_Requirement_: Only the pictures are to be dropped; the rest of the data below is to be duplicated exactly.

_Supplied information_:
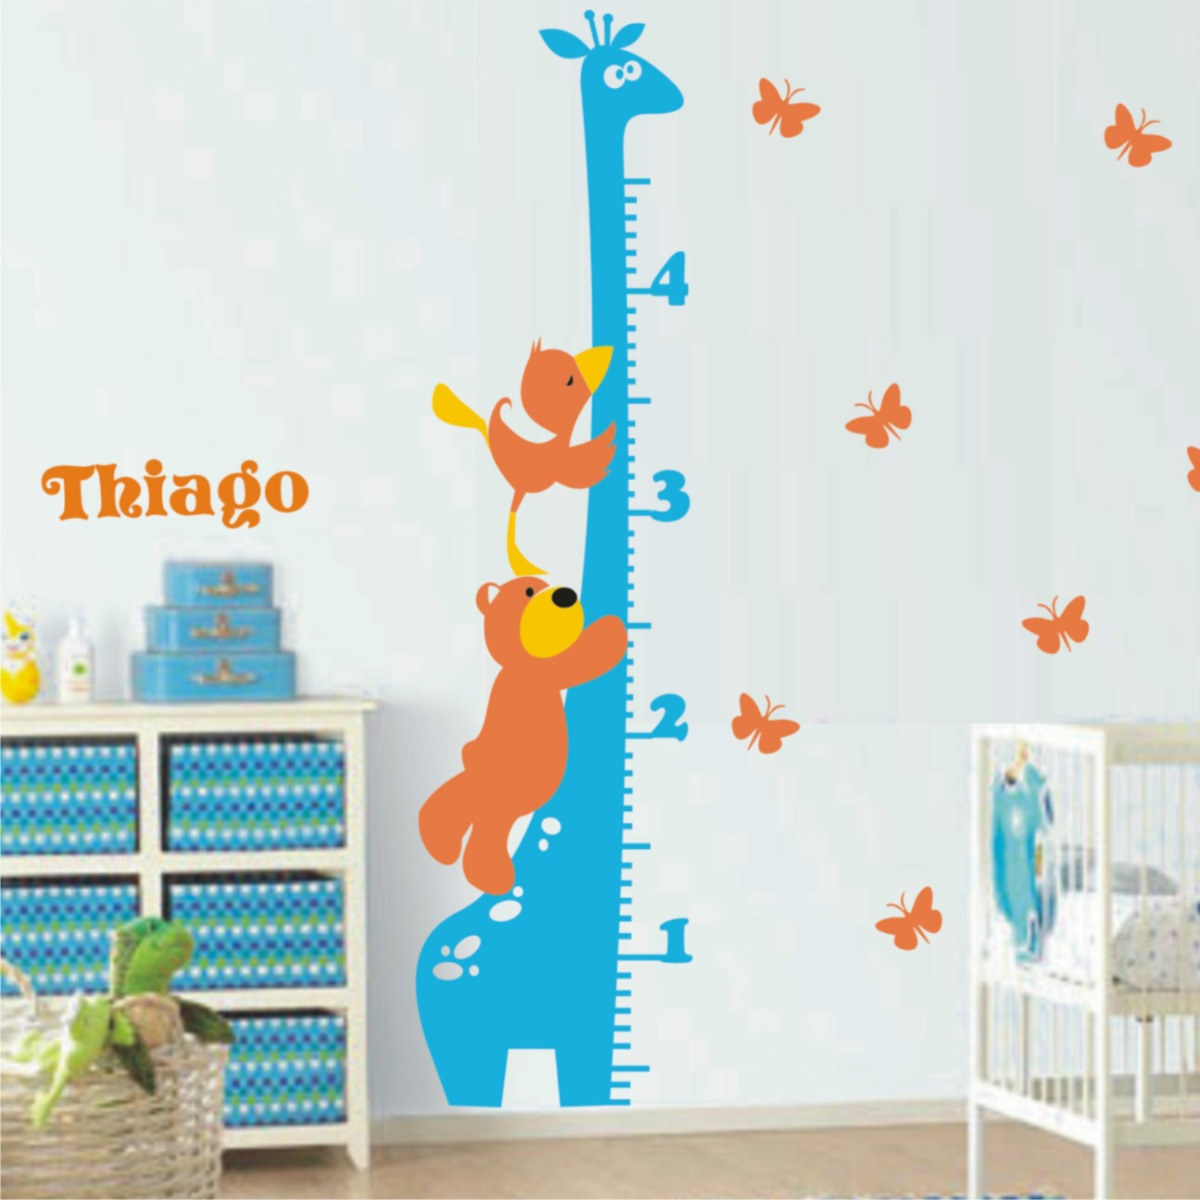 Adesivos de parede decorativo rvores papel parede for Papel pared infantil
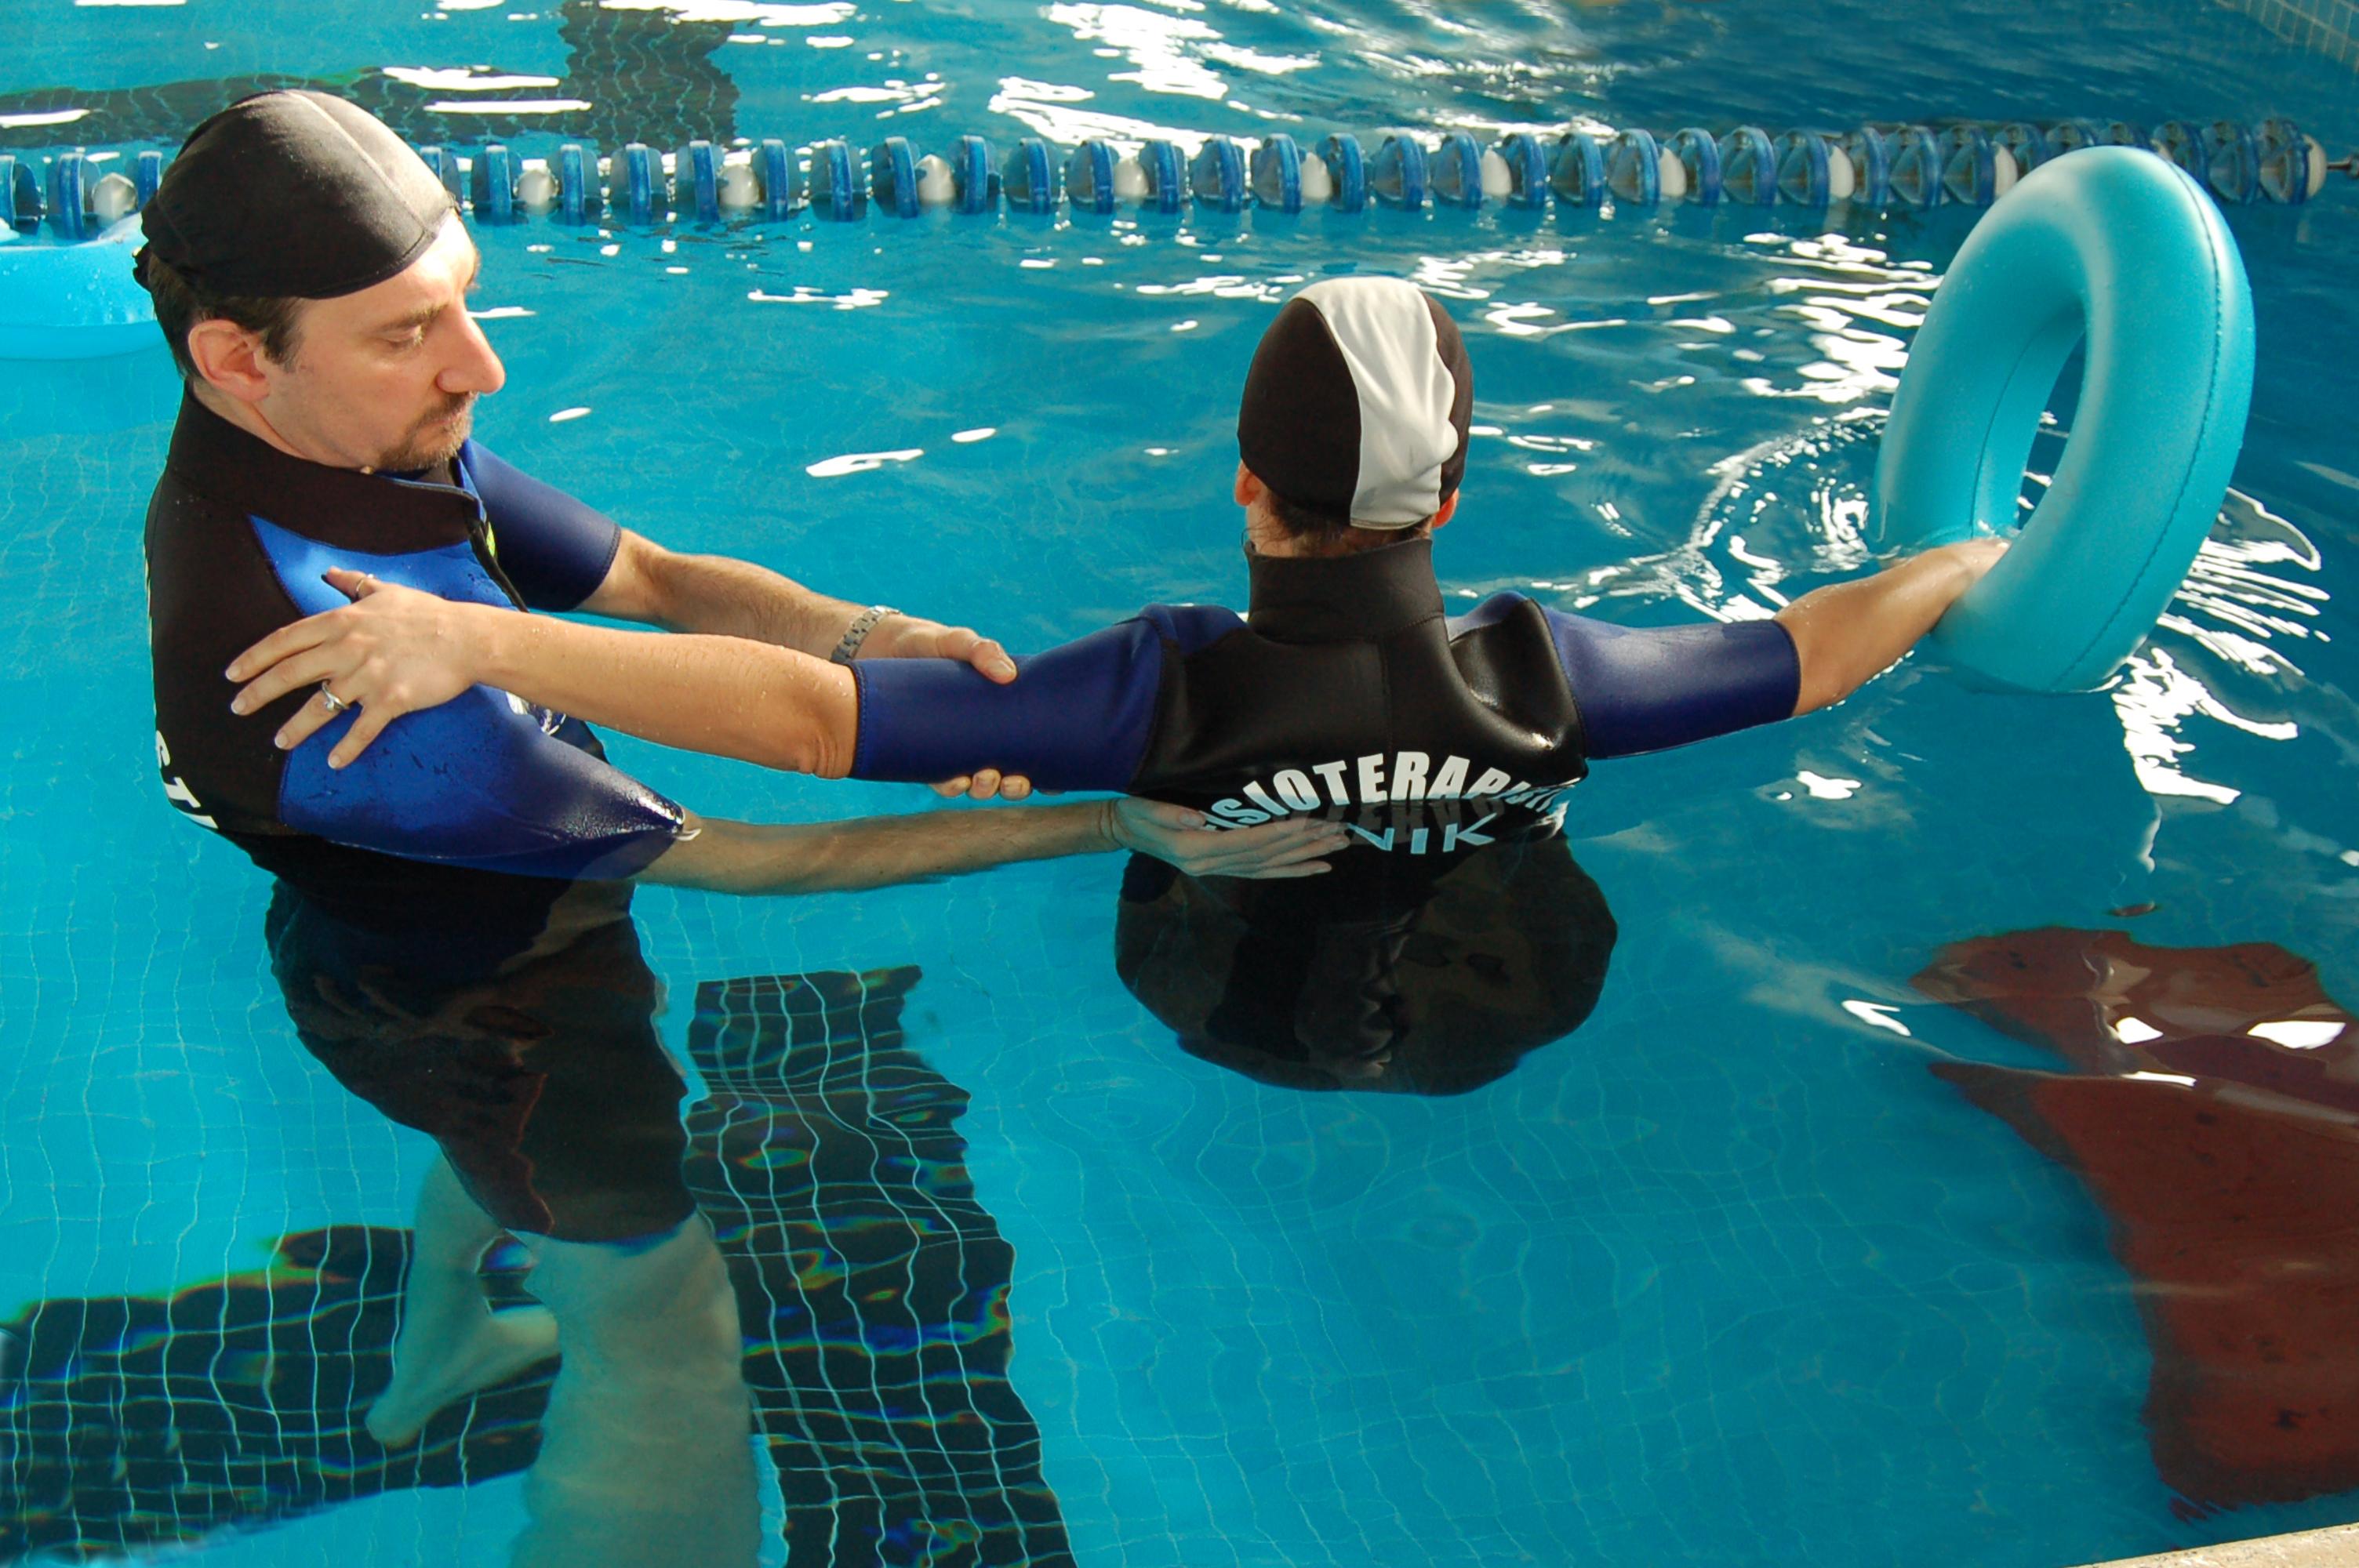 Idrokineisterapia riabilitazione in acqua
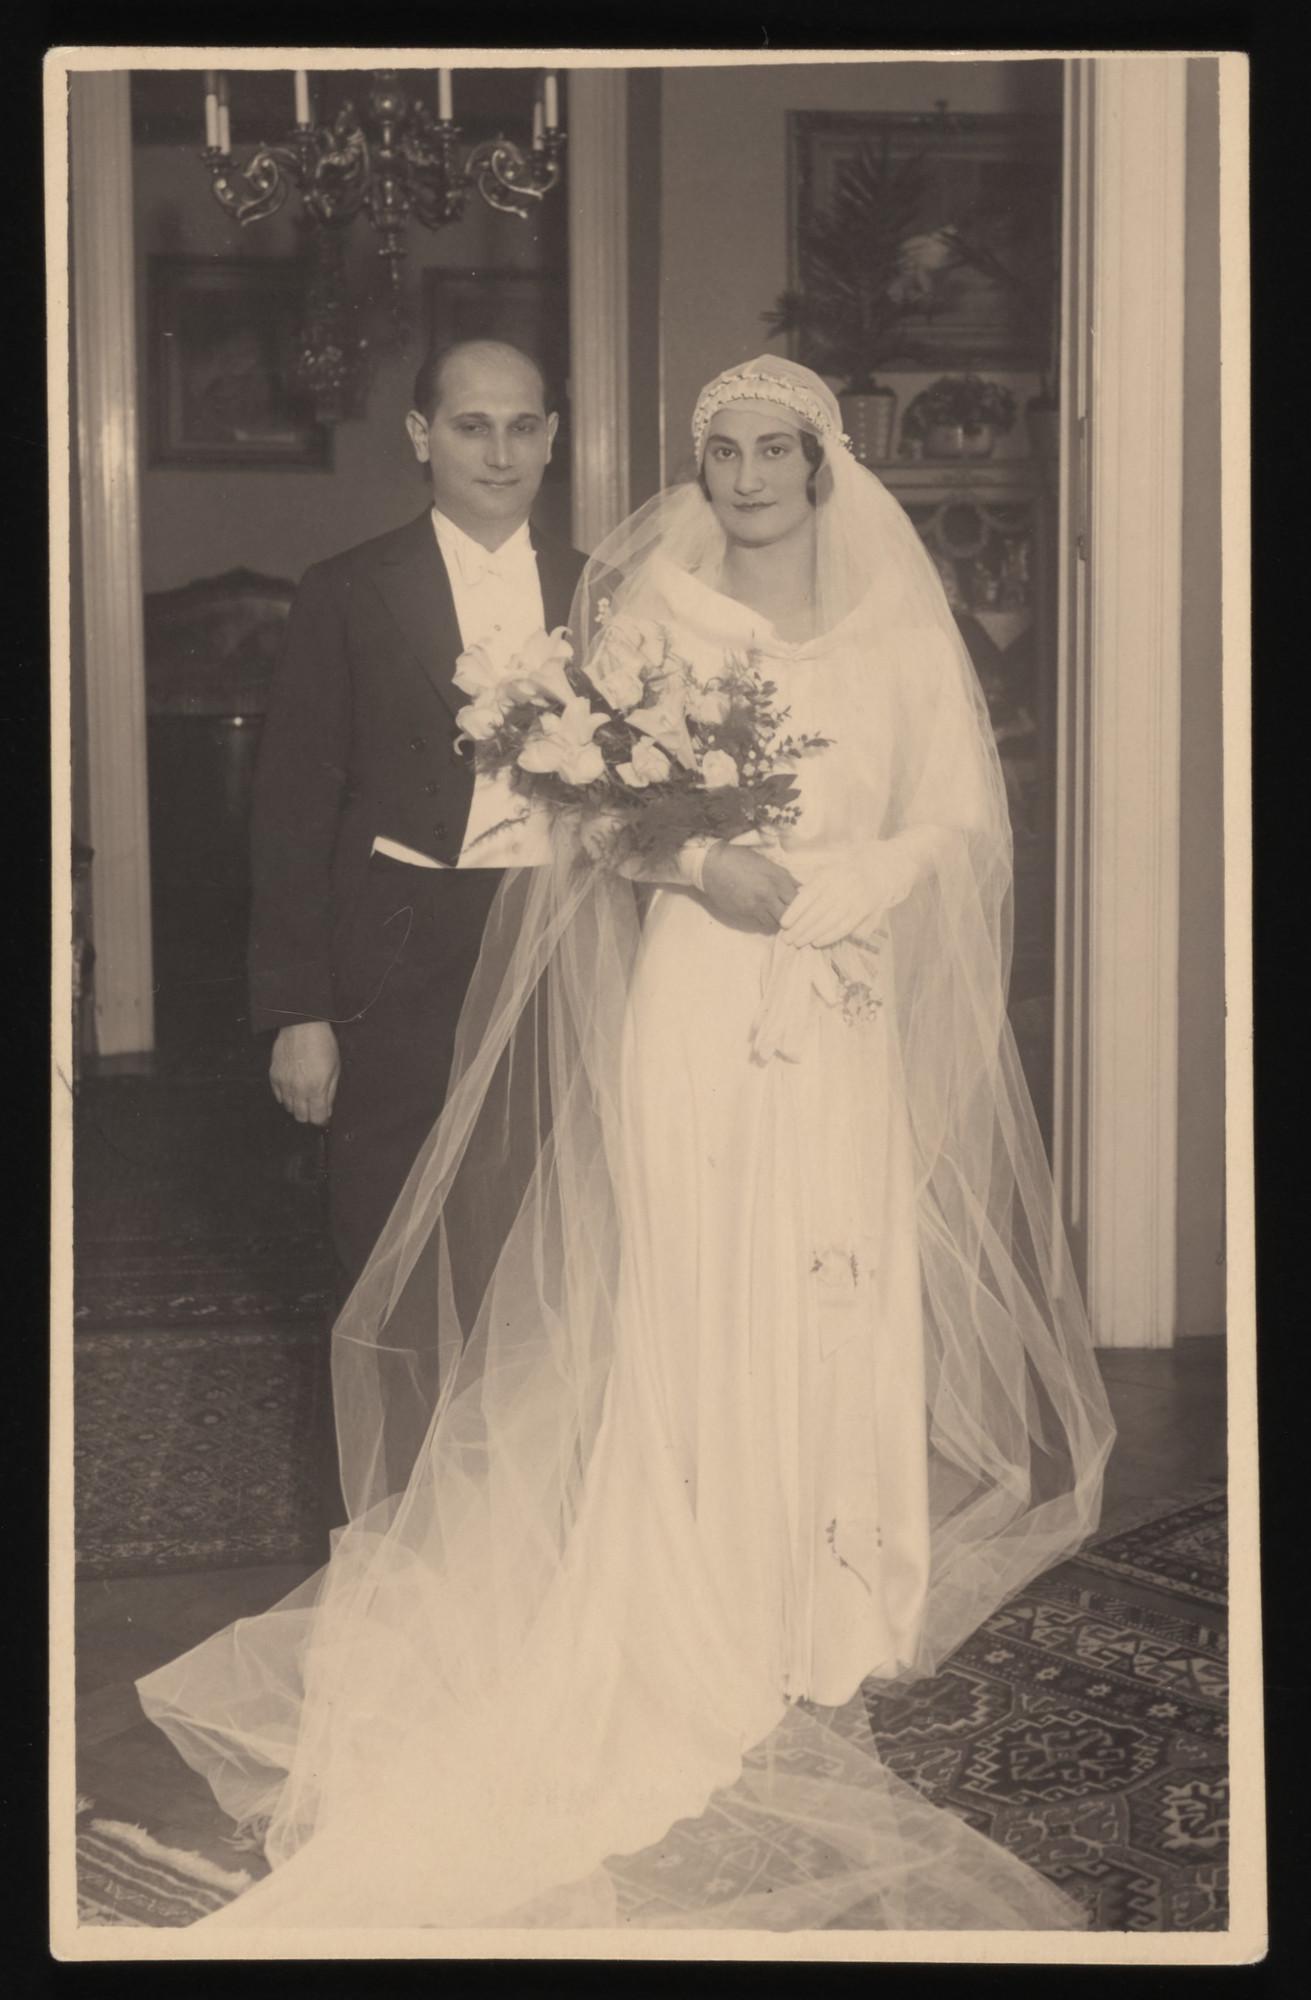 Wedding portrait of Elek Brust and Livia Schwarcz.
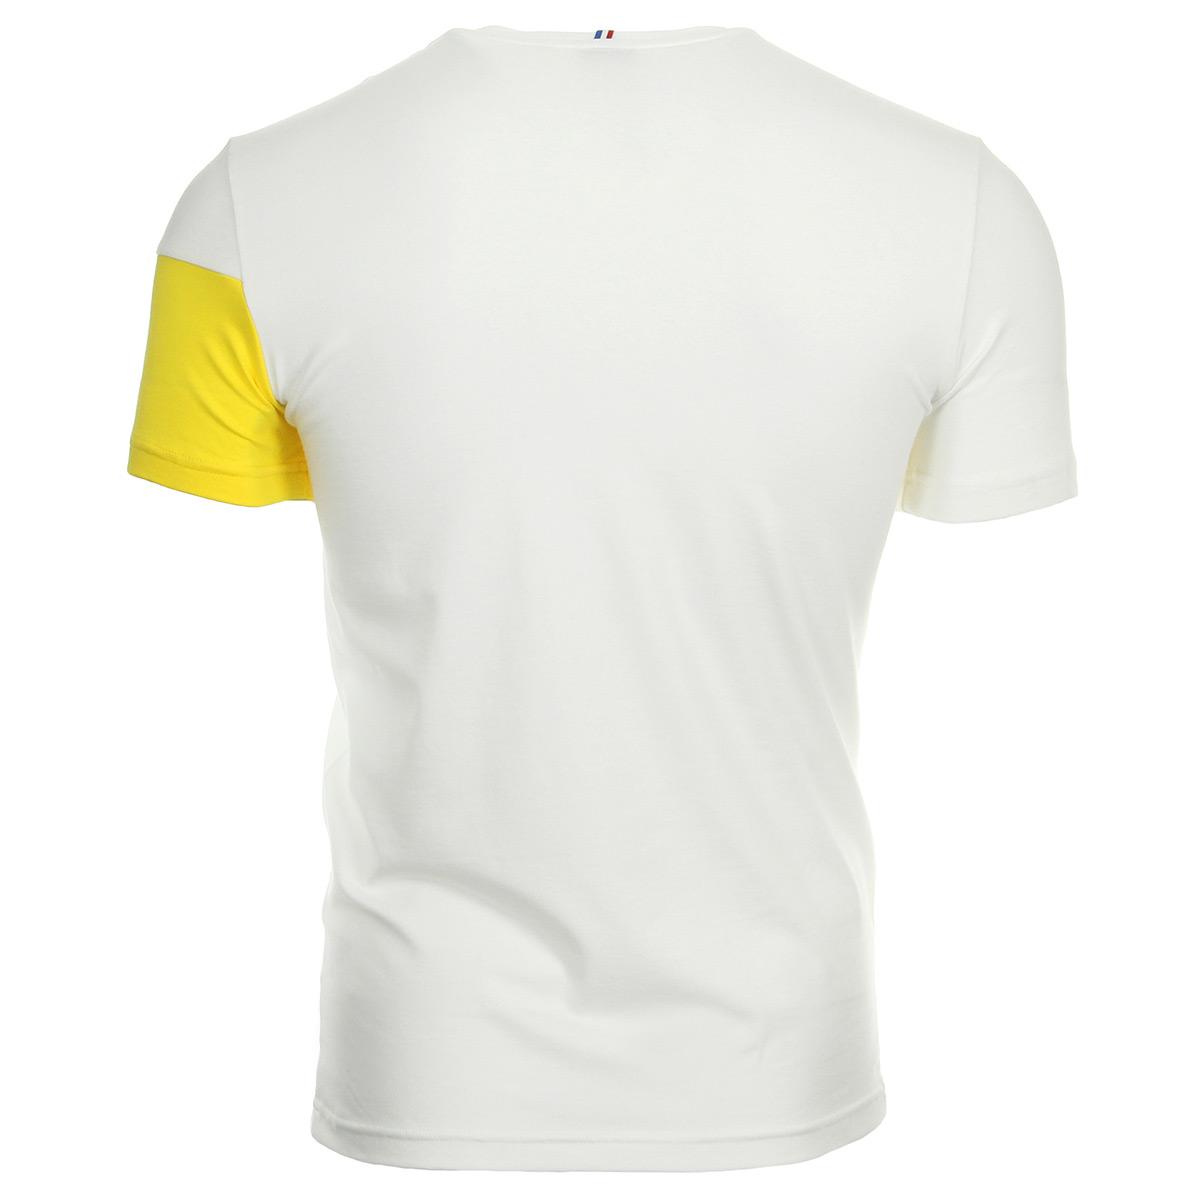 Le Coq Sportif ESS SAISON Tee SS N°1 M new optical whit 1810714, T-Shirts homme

_Answer for the task_:
 Adesivos de parede decorativo rvores papel parede for Papel pared infantil
 Idrokineisterapia riabilitazione in acqua
 Wedding portrait of Elek Brust and Livia Schwarcz.
 Le Coq Sportif ESS SAISON Tee SS N°1 M new optical whit 1810714, T-Shirts homme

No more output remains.